Why should they want to waste it on me?

But are my fears that I'm wasting their time
make them feel like they are wasting their time?

Wouldn't it be cool if I was only worried about good things happening?
So that good things would happen?

I'm so worried that I'll have so much money
that I won't know what to do with it!

I'm so worried that everything I used to worry about won't happen!

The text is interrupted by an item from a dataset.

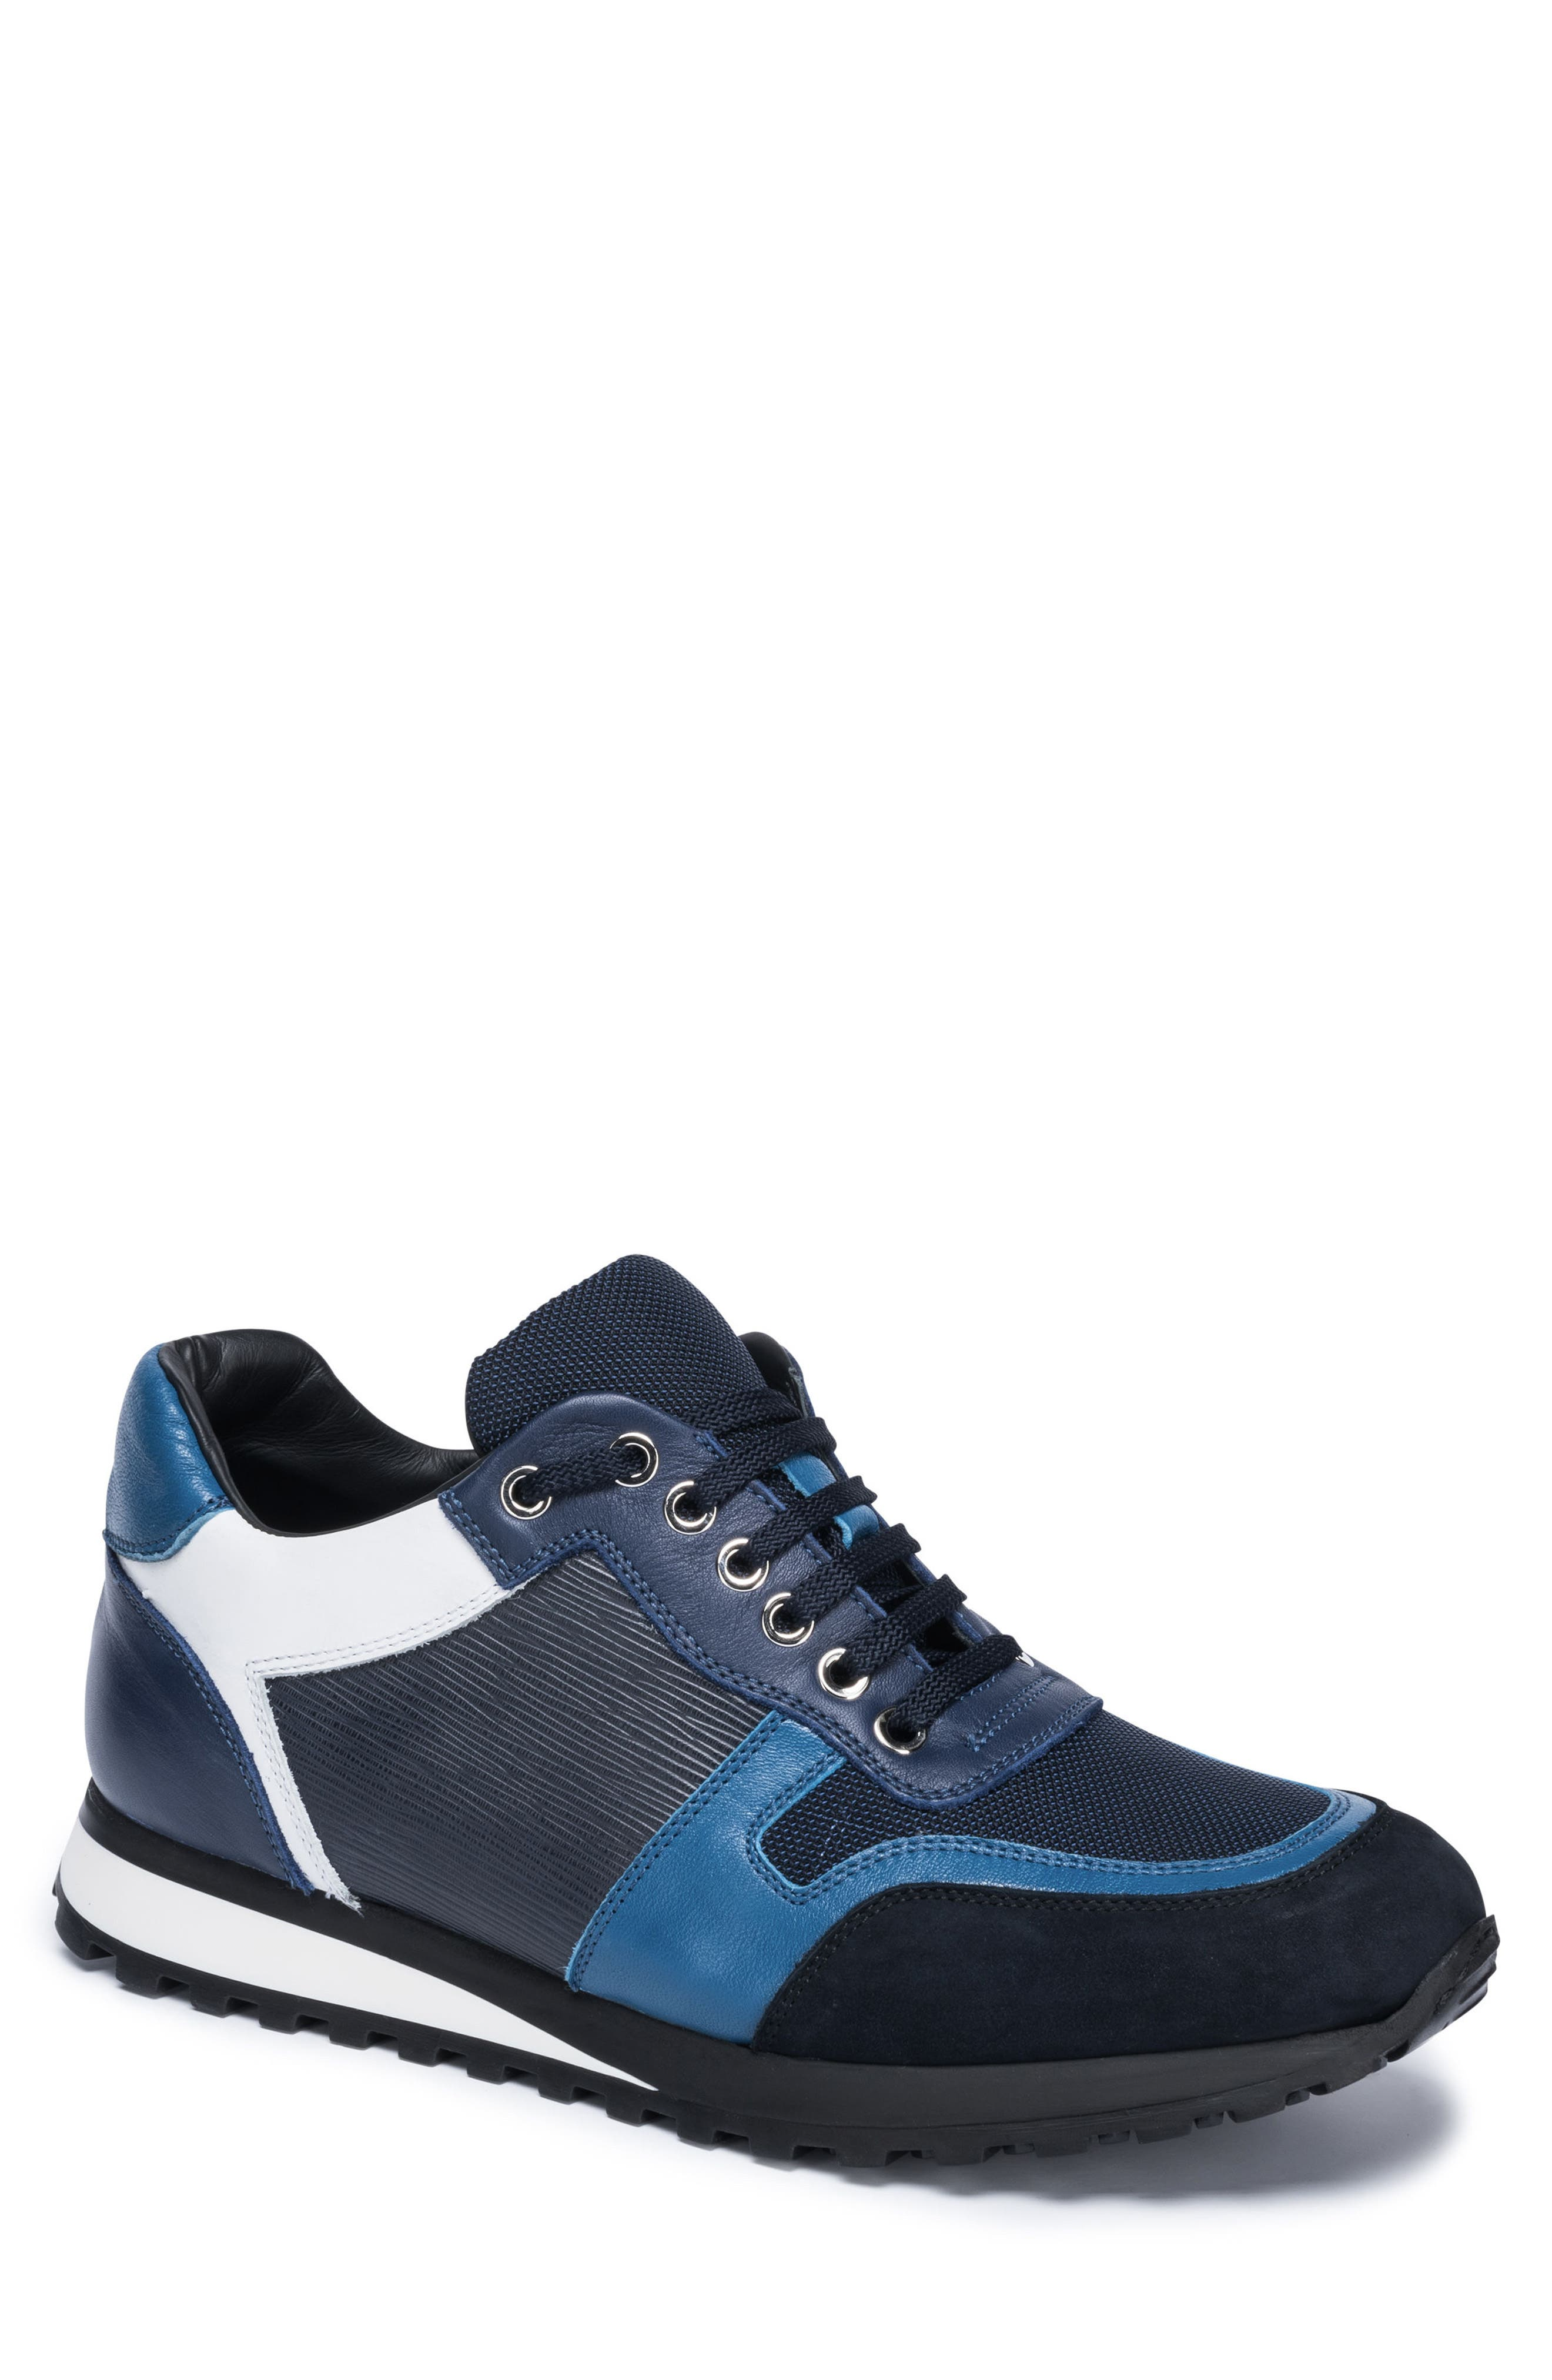 Modena Sneaker,                             Main thumbnail 1, color,                             Blue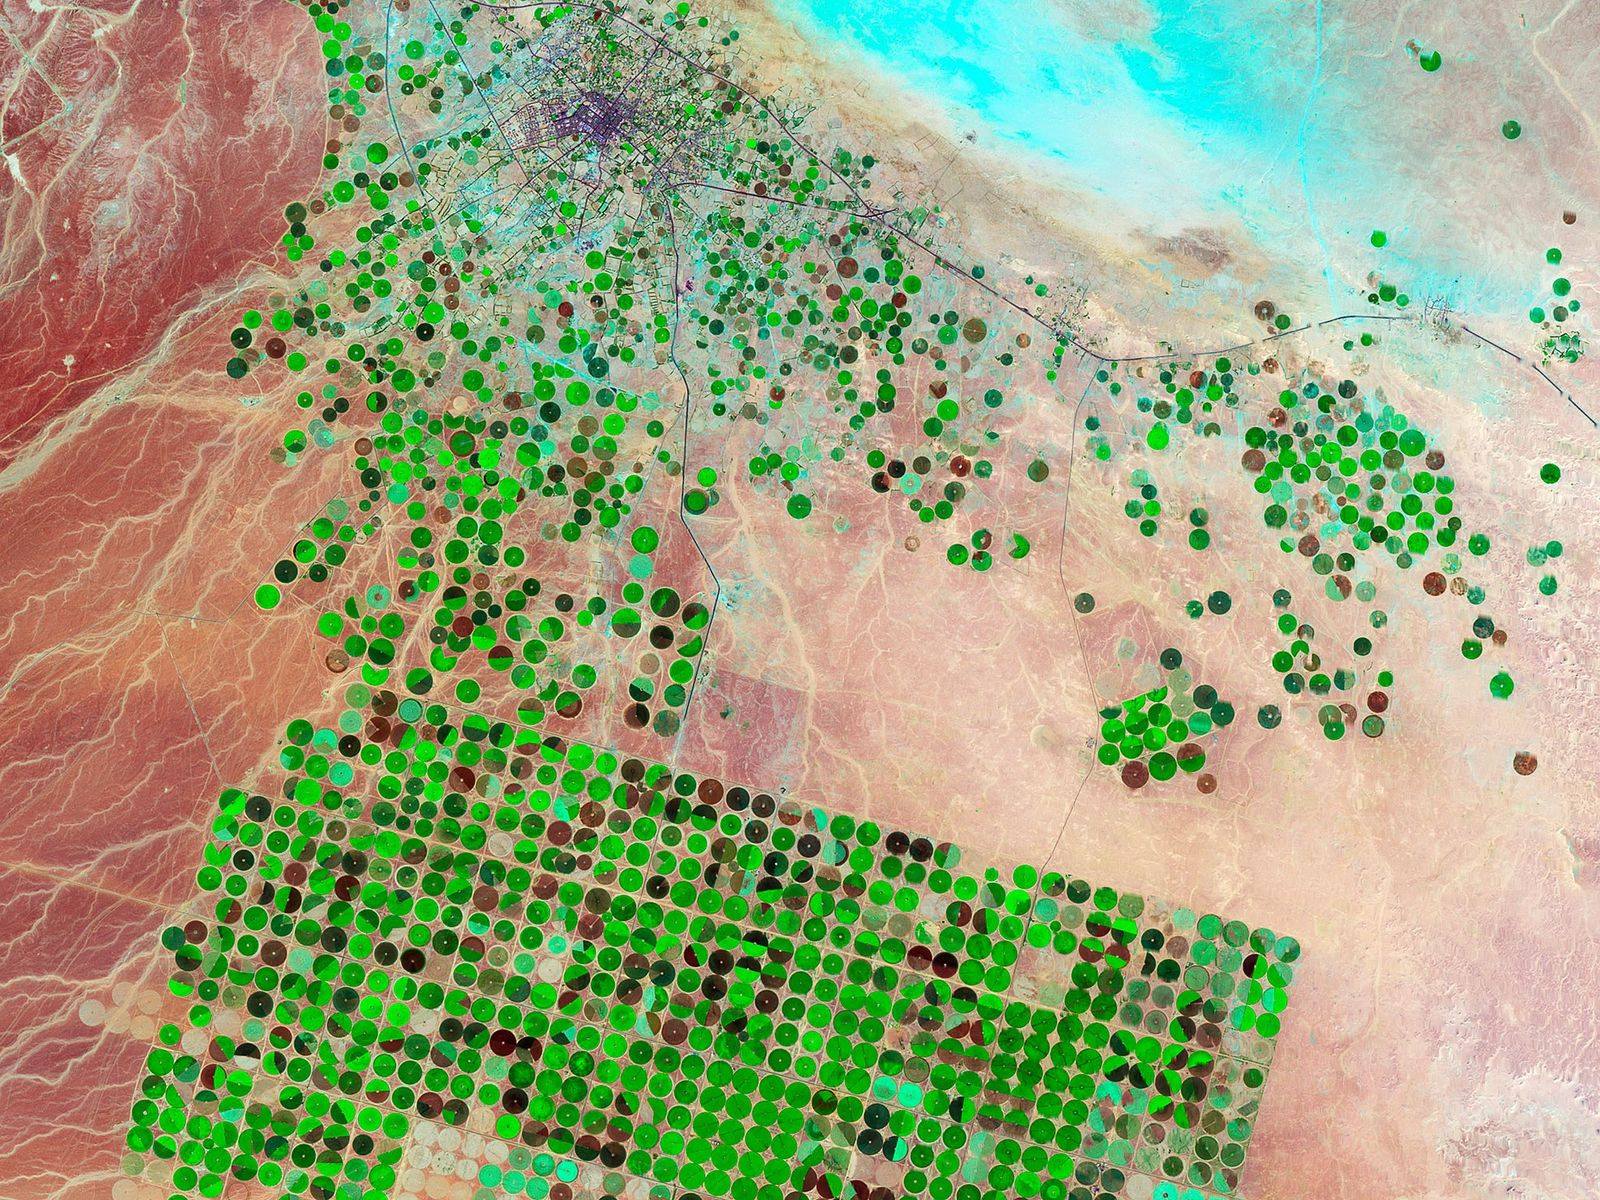 Bewässerte Getreidekreise, Saudi-Arabien

I'm so worried that everyone will want to be there for me!
I'm so worried that my life will change for the better!
I'm so worried that the guy I like actually does like me back... 
I'm so worried that I'll be out of debt!
I'm so worried that I'll learn and grow without the help of anyone!
I'm so worried that the people who took me for granted
will actually start appreciating me!
I'm so worried that really ignorant people
will start realizing things!
I'm so f*cking worried about these things
that I'm scared that they will happen!
I better tell someone how worried I am!
I better fufill these prophecies myself!

I'm so worried that people who always saw everything wrong with me
will actually see what's right with me! OMFG! The horror of that!
Including myself! OMFG!
I'm so scared of that happening that I can't eat or sleep!
I hope that NEVER happens.... *Panic!*
I'm so worried that I AM good enough!
What will happen when these worries come true?
F*ck! I'm just a basketcase! I can't think straight!
I'm so worried about my life coming together!
What will I do?! Can anyone help me?
F*ck! WHAT. WILL. I. DO?!
IF I AM ACTUALLY GOOD ENOUGH?
IF I'VE BEEN GOOD ENOUGH ALL ALONG?

BECAUSE I DON'T KNOW IF I CAN HANDLE ALL THESE GOOD THINGS
COMING MY WAY BECAUSE I'M SO WORRIED ABOUT THEM!

I'M SO WORRIED THAT I'M GOING TO START HAVING FAITH IN MYSELF. 
AND THAT OTHERS ARE GOING TO START HAVING FAITH IN ME... 
THAT THEY SEE THAT THE THINGS I HAVE DONE FOR THEM
(FOR THE MOST PART) HAVE BEEN OUT OF LOVE. 

I'M SO WORRIED THAT I'M SCARED!!!!
WON'T SOMEONE HELP ME FEEL LESS SCARED?!